USA_Sport <- USA %>%
group_by(Sport) %>%
summarize(Total_Medal_Count = n()) %>%
arrange(desc(Total_Medal_Count))
# View top medal count per Sport.
head (USA_Sport)
## # A tibble: 6 × 2
## Sport Total_Medal_Count
## <chr> <int>
## 1 Athletics 1071
## 2 Swimming 1066
## 3 Basketball 341
## 4 Rowing 333
## 5 Ice Hockey 276
## 6 Shooting 193
Summary: Based on the analysis you can see that Top Medal Count are in Athletics and Swimming for the United States
# Using the USA data set make a subset for USA Swimming
usa_swim <- subset(USA, Sport == "Swimming")
# Team USA data that is a Swimming Sport
head(usa_swim)
## ID Name Sex Age Height Weight Team NOC
## 1463 813 Edgar Holmes Adams M 36 NA NA United States USA
## 1844 1017 Nathan Ghar-Jun Adrian M 19 198 100 United States USA
## 1845 1017 Nathan Ghar-Jun Adrian M 23 198 100 United States USA
## 1846 1017 Nathan Ghar-Jun Adrian M 23 198 100 United States USA
## 1847 1017 Nathan Ghar-Jun Adrian M 23 198 100 United States USA
## 1848 1017 Nathan Ghar-Jun Adrian M 27 198 100 United States USA
## Games Year Season City Sport
## 1463 1904 Summer 1904 Summer St.
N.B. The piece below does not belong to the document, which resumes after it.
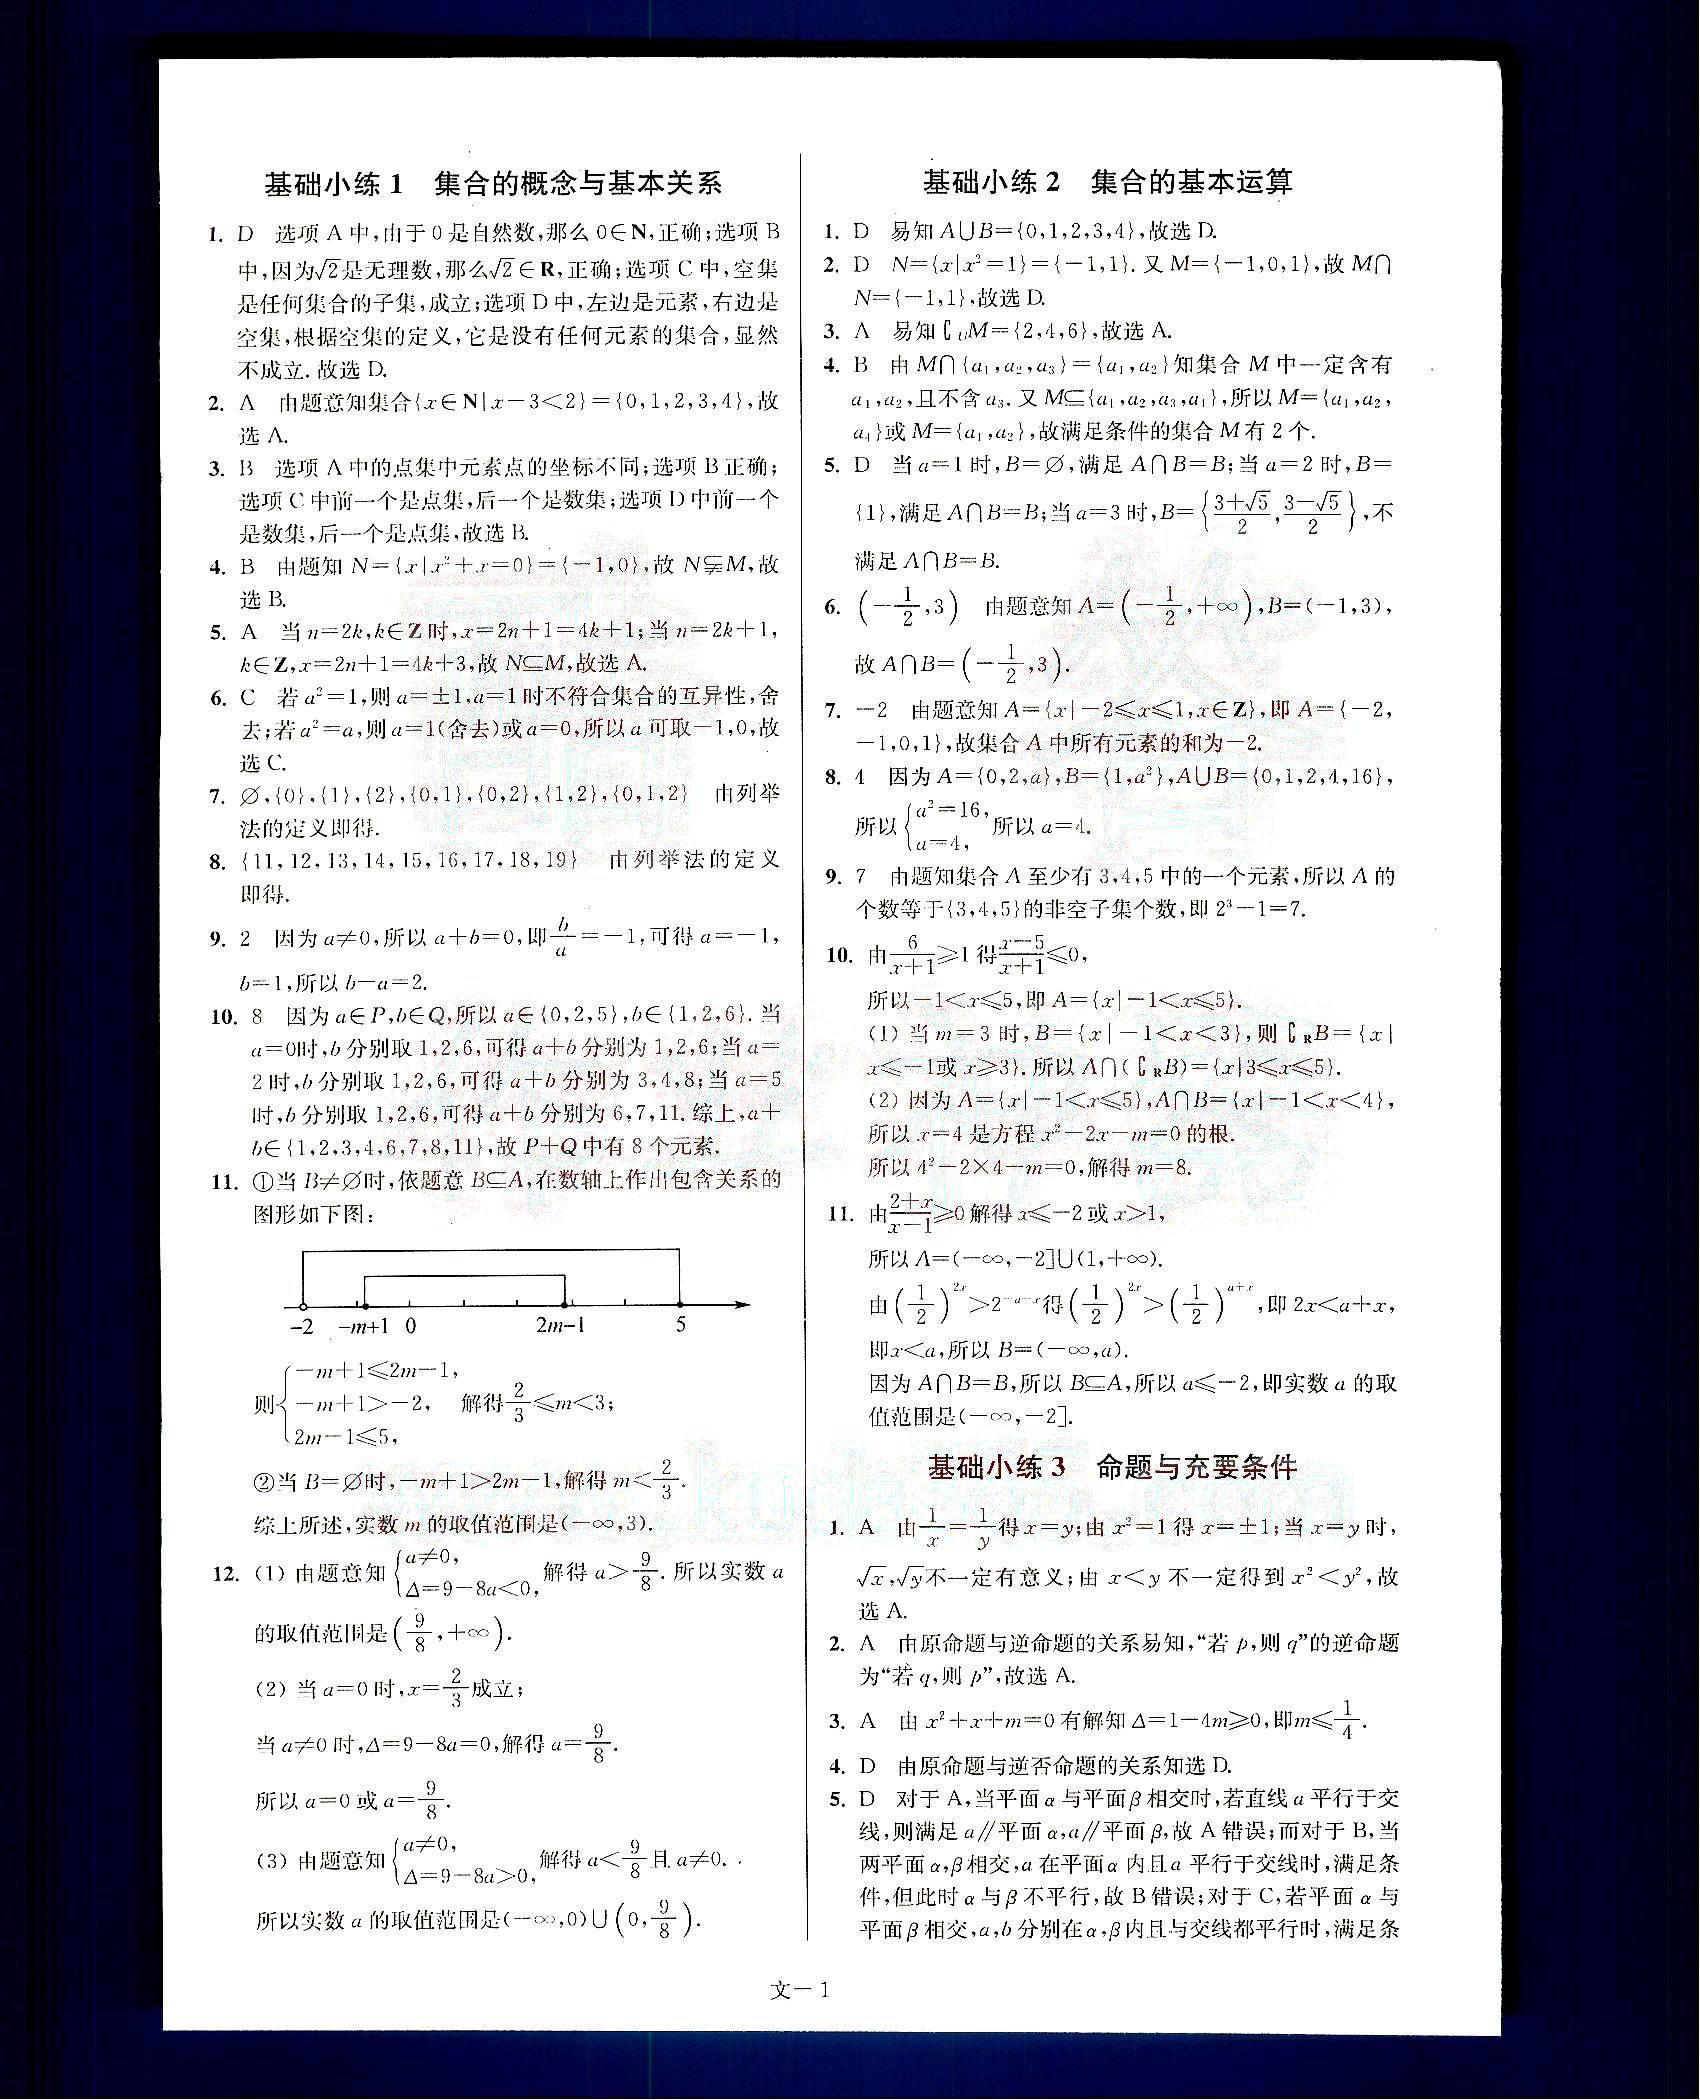 小题狂做-高考数学-文科-最基础篇南京大学出版社 第1部分 [1]

Louis Swimming
## 1844 2008 Summer 2008 Summer Beijing Swimming
## 1845 2012 Summer 2012 Summer London Swimming
## 1846 2012 Summer 2012 Summer London Swimming
## 1847 2012 Summer 2012 Summer London Swimming
## 1848 2016 Summer 2016 Summer Rio de Janeiro Swimming
## Event Medal
## 1463 Swimming Men's Plunge For Distance Silver
## 1844 Swimming Men's 4 x 100 metres Freestyle Relay Gold
## 1845 Swimming Men's 100 metres Freestyle Gold
## 1846 Swimming Men's 4 x 100 metres Freestyle Relay Silver
## 1847 Swimming Men's 4 x 100 metres Medley Relay Gold
## 1848 Swimming Men's 50 metres Freestyle Bronze
Summary: The USA Swim subset displays all USA Medals in the Swimming Sport.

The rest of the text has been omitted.